In order to further elaborate my method and to reemphasize this insistence on the bodily, I want to trace a sound as it moves through a set of works: a sigh in Coleridge’s ‘Reflections on Having Left a Place of Retirement’, to the susurration of the trees in Dorothy Wordsworth’s Alfoxden Notebook. This sound reaches an extraordinary formal apotheosis in the ‘sighs from the depths’ of De Quincey’s Suspiria di Profundis; I’ll take up the sound of mourning and grief he shapes at the end of Chapter 3. In such a tracing the sound moves from the physical automatic sounding of the body to the sound textures of the phenomenal world to a desperate allegorical attempt to mediate between such lived events. Rather than see these phenomena as distinct (the sighing subject, the sounds of the object world) I suggest an inseparability wherein the very transitoriness of involuntary experience constitutes the texture of lived experience, the stuff of the self.
In ‘Reflections on Having Left a Place of Retirement’ Coleridge interrupts his deeply personal reflections on the emotional, aesthetic and religious value of his experience with Sara in Clevedon to tell us a story. We know it’s a story because it begins: ‘once’. But before I turn to the story and its purpose in the poem, I want to examine the nature of the scene it seeks to explain (if that’s the right word). Having established a scene of sensual beauty, the lovers, ‘twined’ like the ‘jasmines’, are held in a multi-sensual embrace; the sound of the ‘sea’s faint murmur’, the scent of the jasmine and myrtle, complete the visually arresting composition. The pleasure inherent in the scene, both for the speaker in retrospect and for the reader performatively, depends on this sensual overdetermination – is the source of pleasure the soothing calm of the constant distant murmur, or the even more ephemeral scent of the flowers? We cannot really parse such experiences given their complexity; imagine the subtlety of the shift from experiencing the scent of the myrtles to experiencing the scent of the jasmine, and of the combination of the two. Coleridge foregrounds this experiential plenitude by staging the scene as a series of events: ‘In the open air / Our myrtles blossomed’ (4–5), syntactically joined halves of two enjambed lines, read as an overwhelming sensual moment, transforming the entire world of experience, while also standing as a figure for sexual consummation. The mysterious relationship of sensation to figuration works like a kind of translation as the ‘our’ of ‘our myrtles’ gets dispersed into the ‘open air’. Out of this experience of overwhelming sensual pleasure, the self diffused into the ether, Coleridge offers a surprisingly modest claim: ‘the little landscape round / Was green and woody, and refreshed the eye’ (6–7).

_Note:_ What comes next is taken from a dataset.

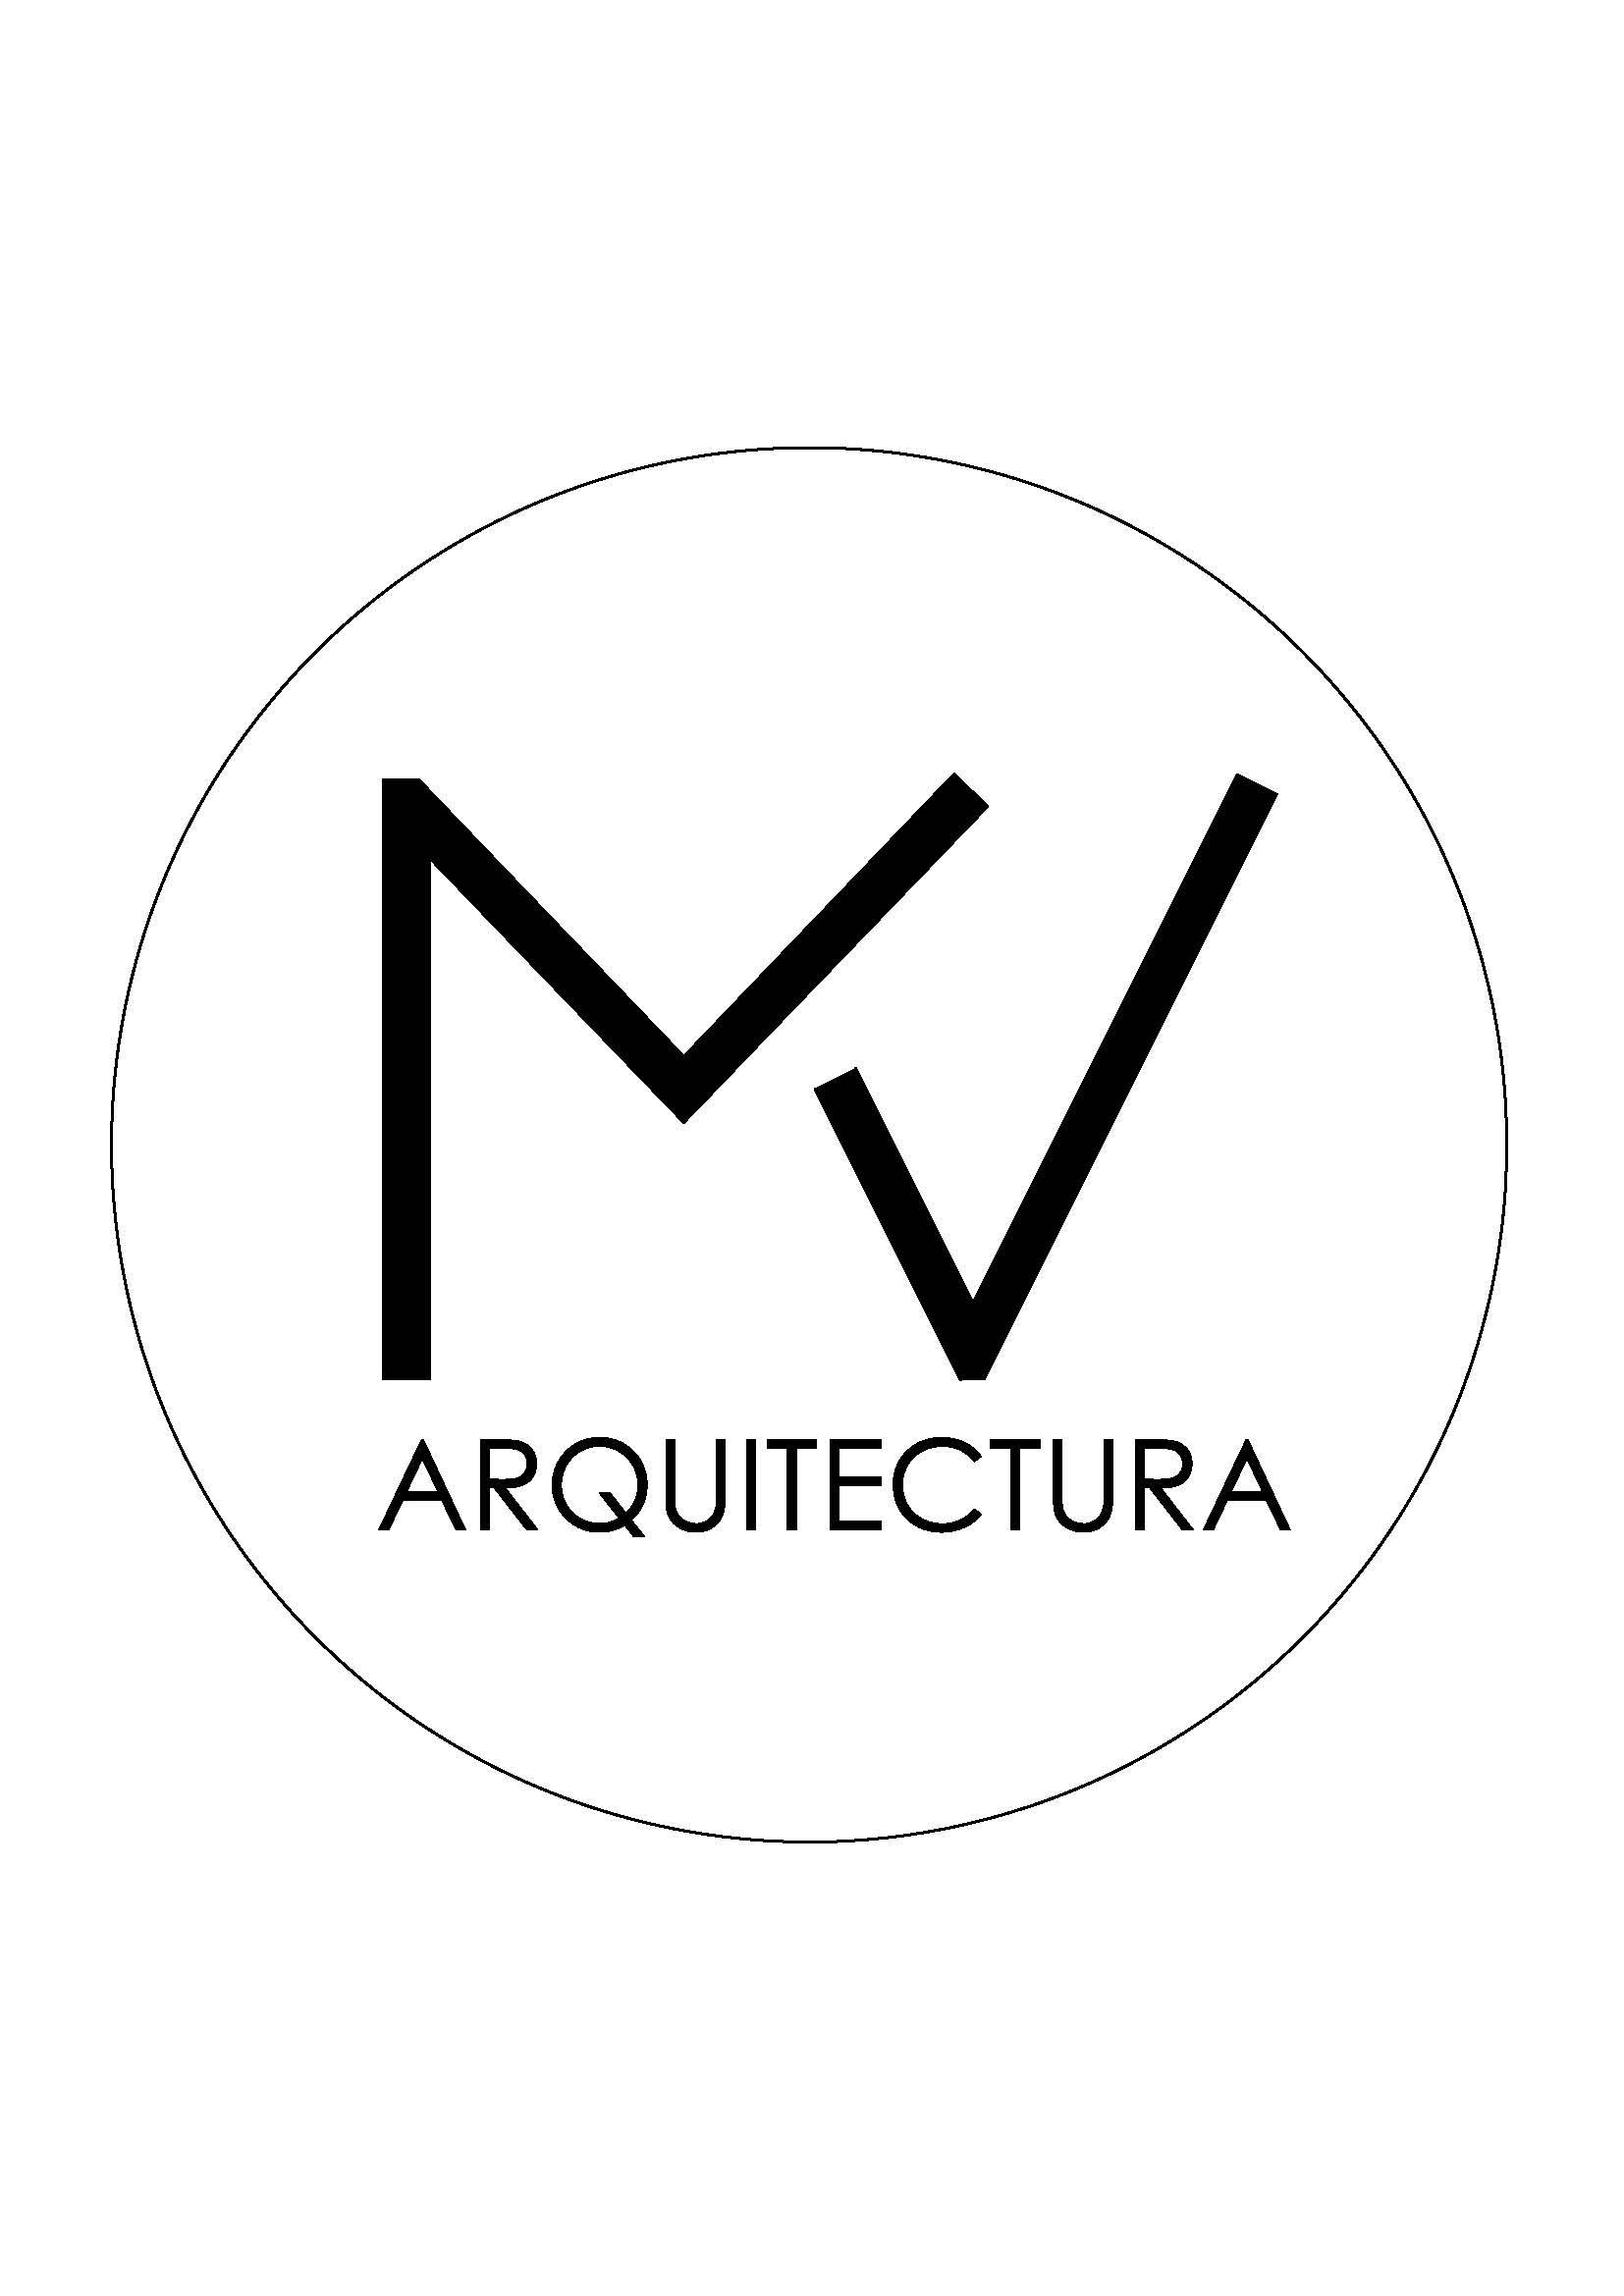 Mv arquitectura

The sensual pleasure and beauty of the scene has the power to restore us. The ‘eye’ becomes jaded over time, and Coleridge seeks to establish (in aesthetic terms) that natural beauty has the power to transform the viewer, to ‘refresh the eye’. Further he hopes that this is a natural and universal phenomenon – so perhaps not quite so modest a claim as it appears. Rhetorically then, the short ‘once’ narrative inserted into Coleridge’s reminiscence of the complex systems of value inherent in the scene stands as evidence of the rightness of the poet’s judgment, as a means of confirming the value of his pleasure. The young citizen from Bristol proves the ideal witness. He has walked out from Bristol on a Sunday, eschewing church for the restorative experience of the natural world. This coincides with the promise of having the ‘eye refreshed’, and the poet’s parenthetical aside that the walker was engaged in ‘Hallowing his Sabbath-day by quietness’ (10), expands the stakes of the poem (and this narrative demonstration within the poem) by asserting the religious content for such experiences.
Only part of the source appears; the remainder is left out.